> **Material supplied**
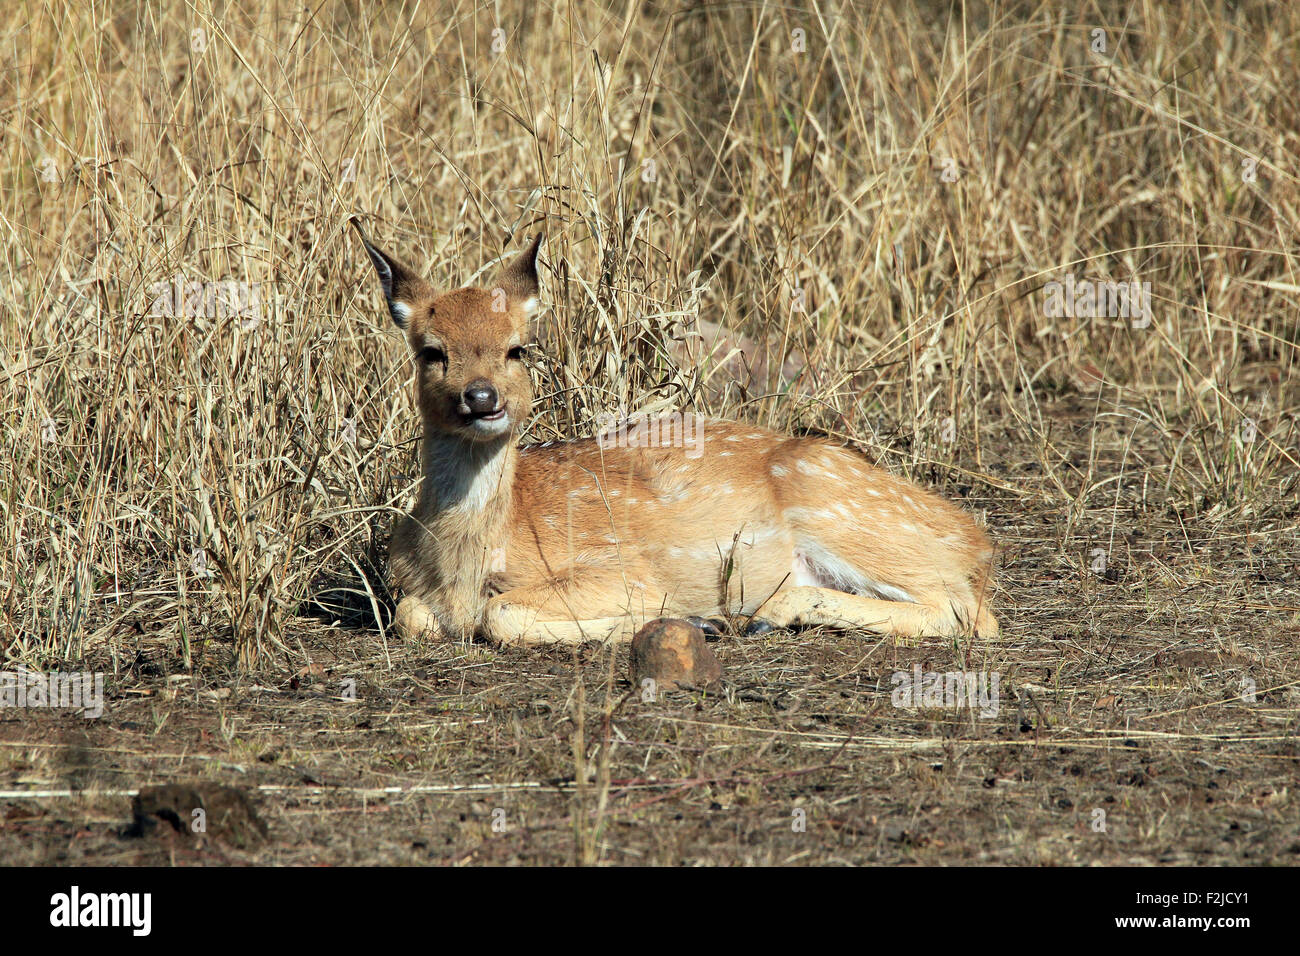 Young Chital (Axis Axis, aka Spotted Deer, Axis Deer) Resting on the Ground. Ranthambhore, Rajasthan, India Stock Photo
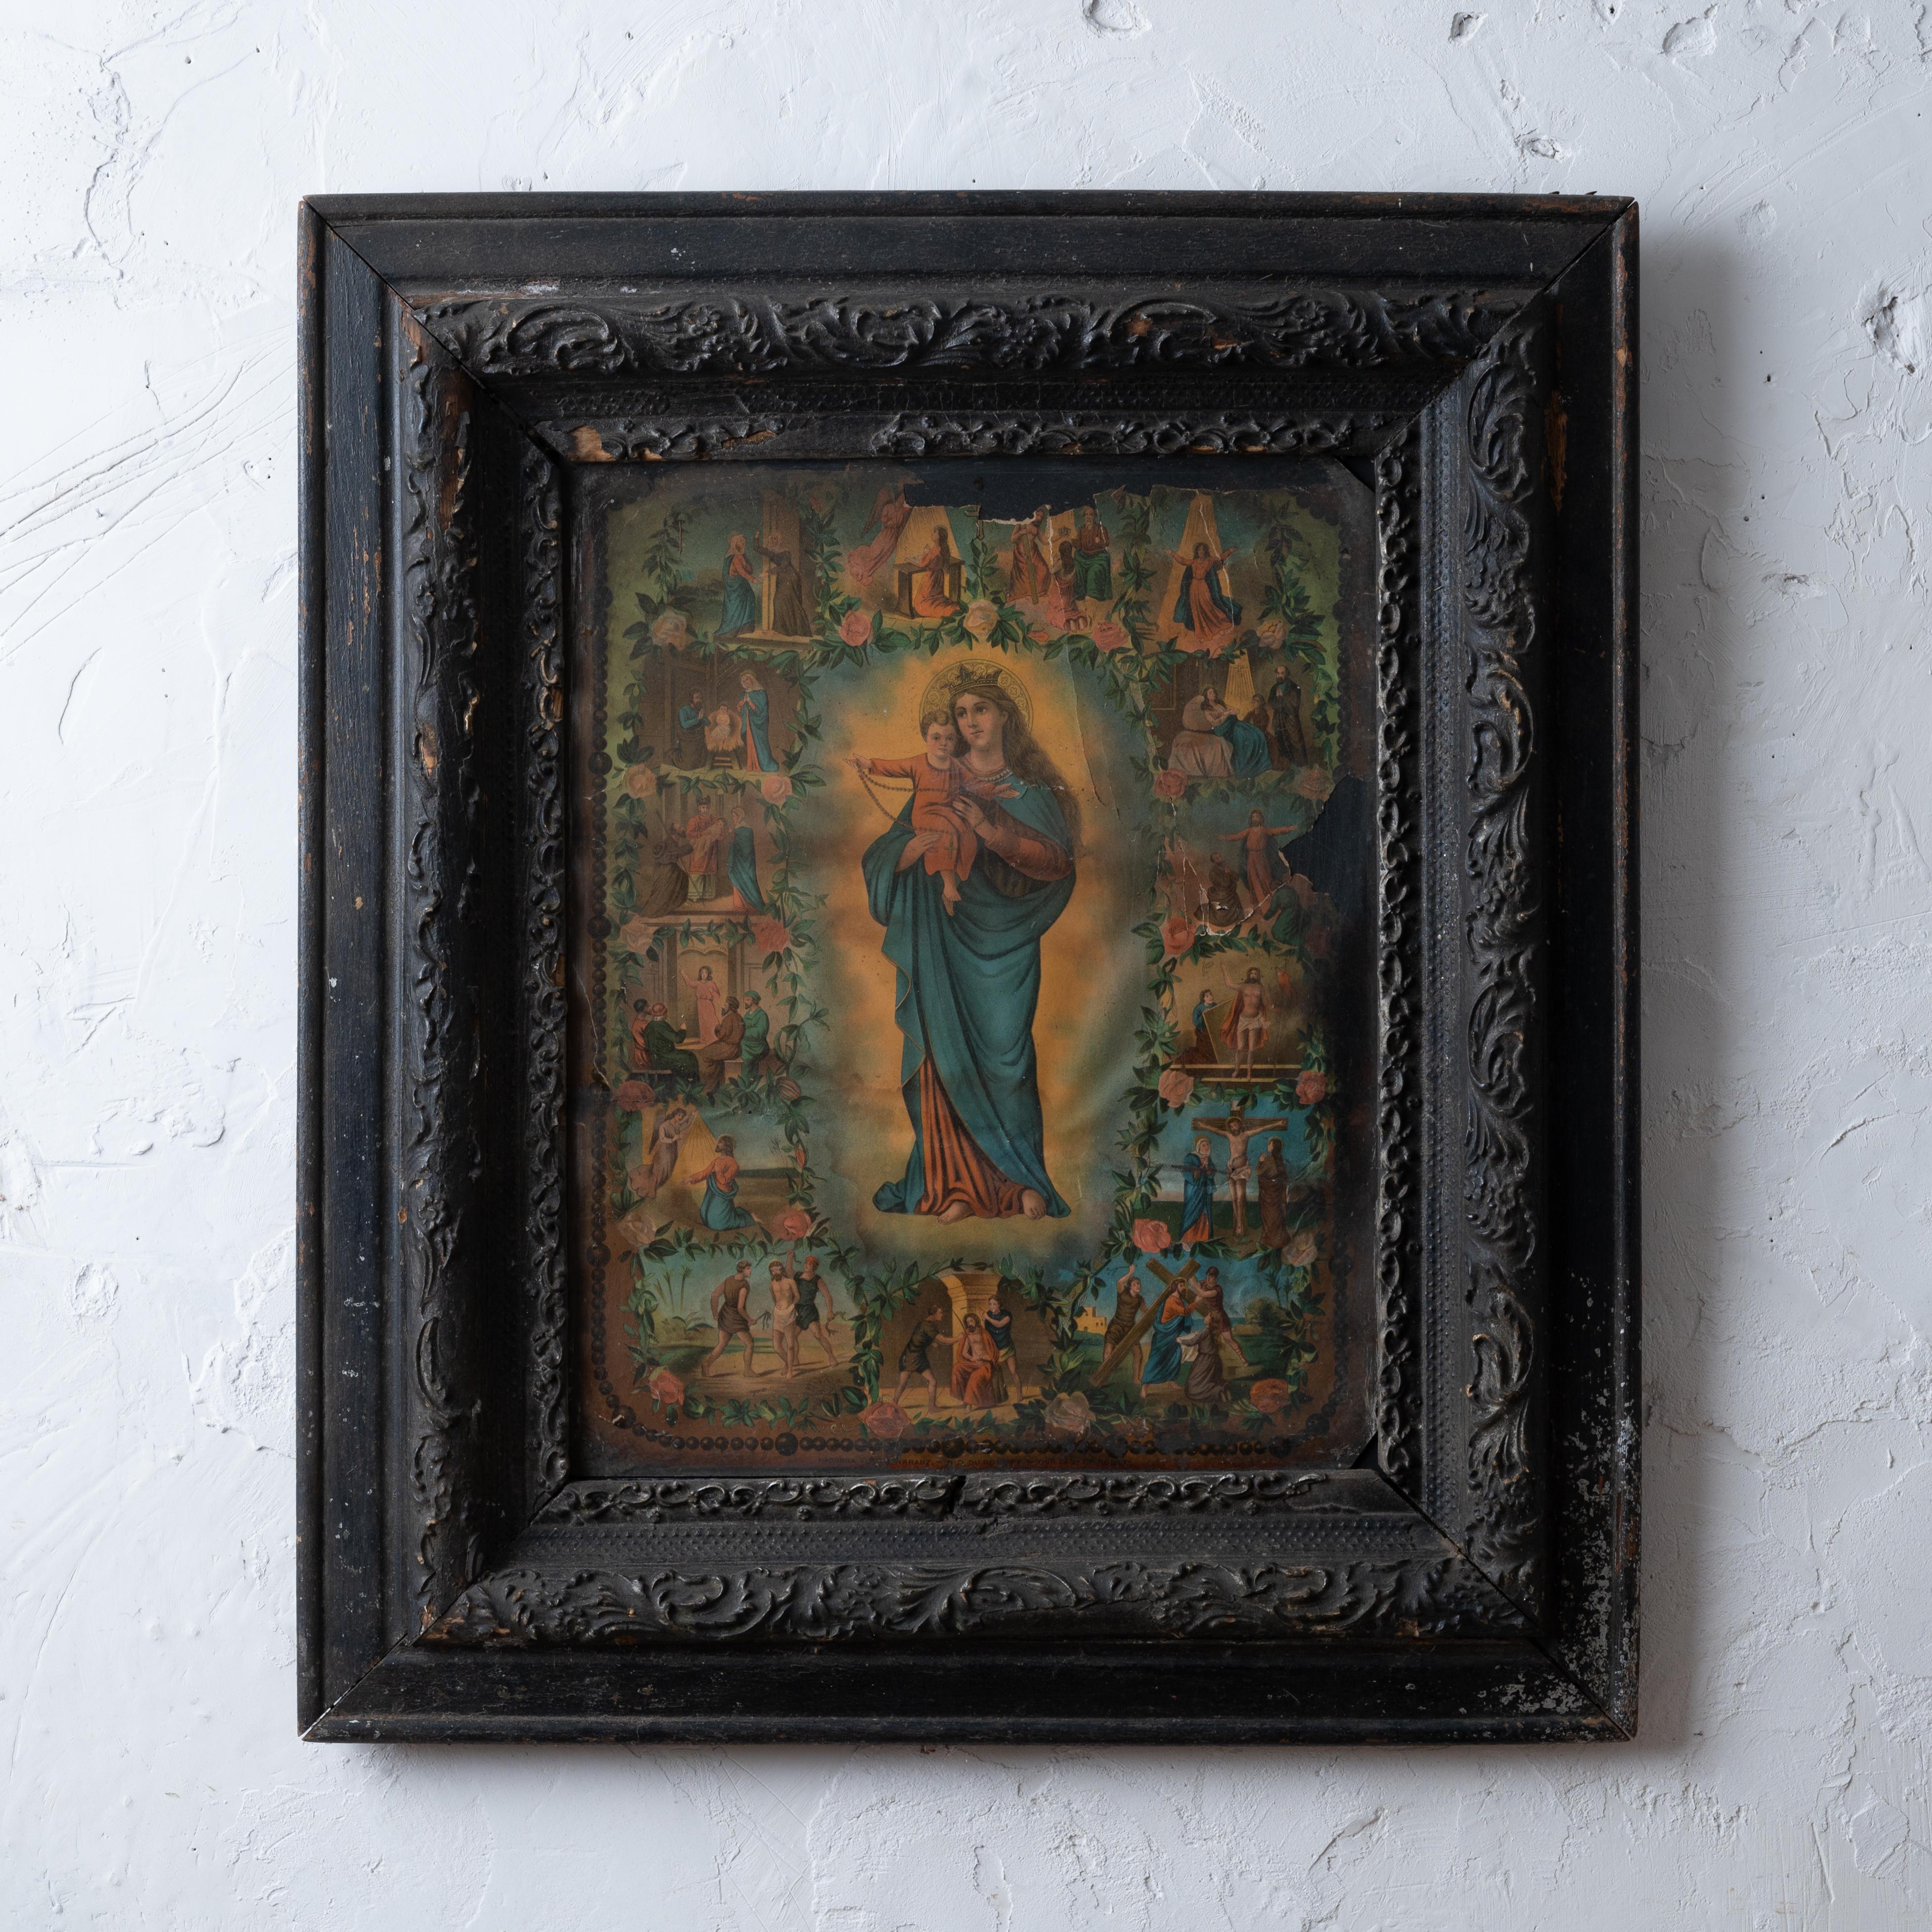 An Our Lady Of Rosary lithograph, Germany, circa 1890s.
A heavily distressed piece in period frame showing a history of devotion.  

sight: 15 ¾ by 19 ¾ inches
frame: 26 by 30 inches

> **Task description**
Quote exactly the lines from the line that contains "An Our Lady" through the last line of the listing, please, leaving out all pictures.

> **Output of the task**
 An Our Lady Of Rosary lithograph, Germany, circa 1890s.
A heavily distressed piece in period frame showing a history of devotion.  

sight: 15 ¾ by 19 ¾ inches
frame: 26 by 30 inches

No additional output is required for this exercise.